On continua de lever des décimes jusqu'au decès de François I. comme il paroît par trois déclarations des 7 Décembre 1542, Février 1543, & 19 Mai 1547, dont la premiere ordonne que les décimes des gens d'église & autres deniers extraordinaires seront portés ou envoyés aux recettes générales des finances par les receveurs de ces deniers, aux dépens des gens d'église; la seconde attribue la connoissance des comptes des décimes à la chambre des comptes, ce qui prouve de plus en plus que ces impositions étoient faites de l'autorité du roi; & la troisieme donnée par Henri II. fait mention des décimes levées en l'année précédente qui étoit 1546.

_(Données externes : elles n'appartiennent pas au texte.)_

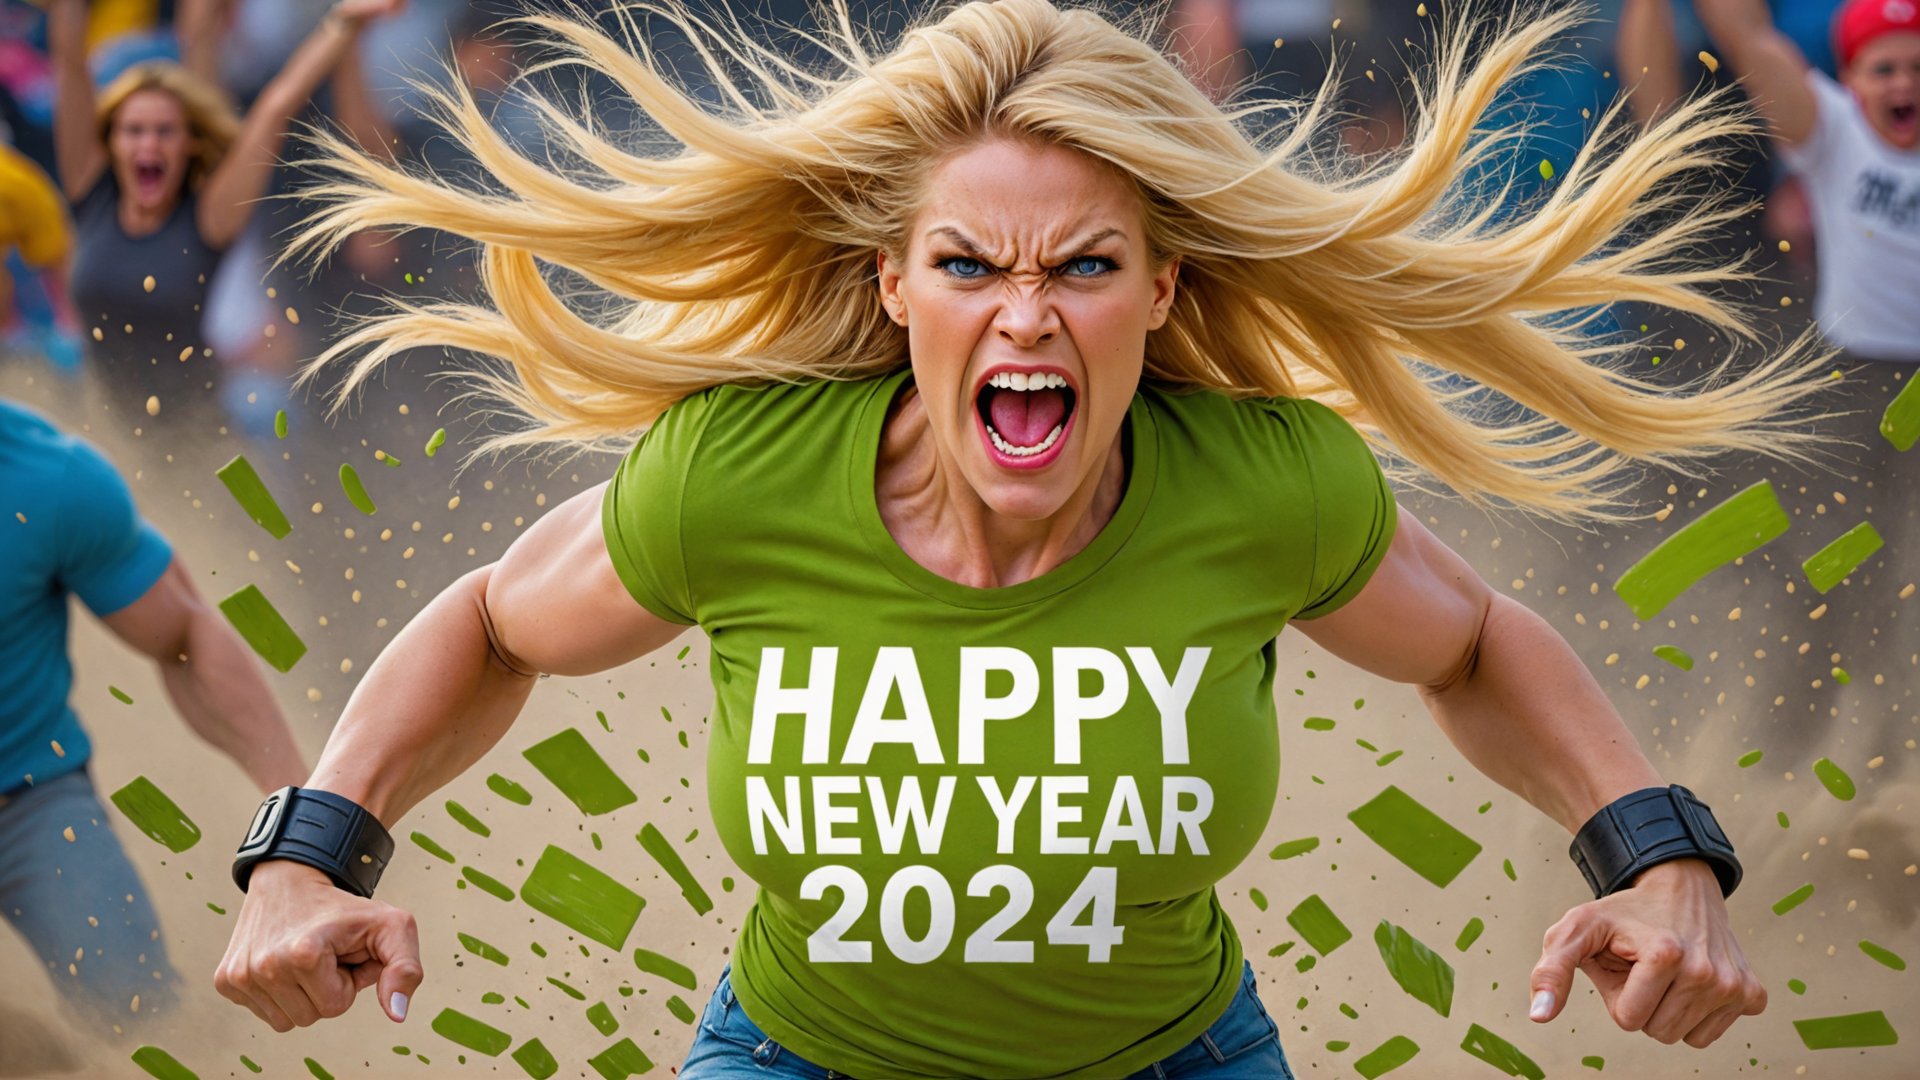 angry KAREN beautiful SUPERMODEL woman,  "HAPPY NEW YEAR 2024" t-shirt logo,  BLONDE hair,  SEXY,  turning into incredible hulk mad, ACTION SHOT, ACTION,<lora:EMS-251568-EMS:0.800000>

Les décimes subsisterent pareillement sous Henri II. puisque par la déclaration dont on vient de parler du 19 Mai 1547, il en exempte les conseillers - clercs du parlement de Paris, & que par une déclaration du 15 Février de la même année, il en exempte de même les conseillers - clercs du parlement de Roüen.

La déclaration du 19 Septembre 1547, contient un réglement pour les décimes du diocèse de Bourges; & celle du 21 Avril 1550, contient un semblable réglement pour le diocèse de S. Brieux.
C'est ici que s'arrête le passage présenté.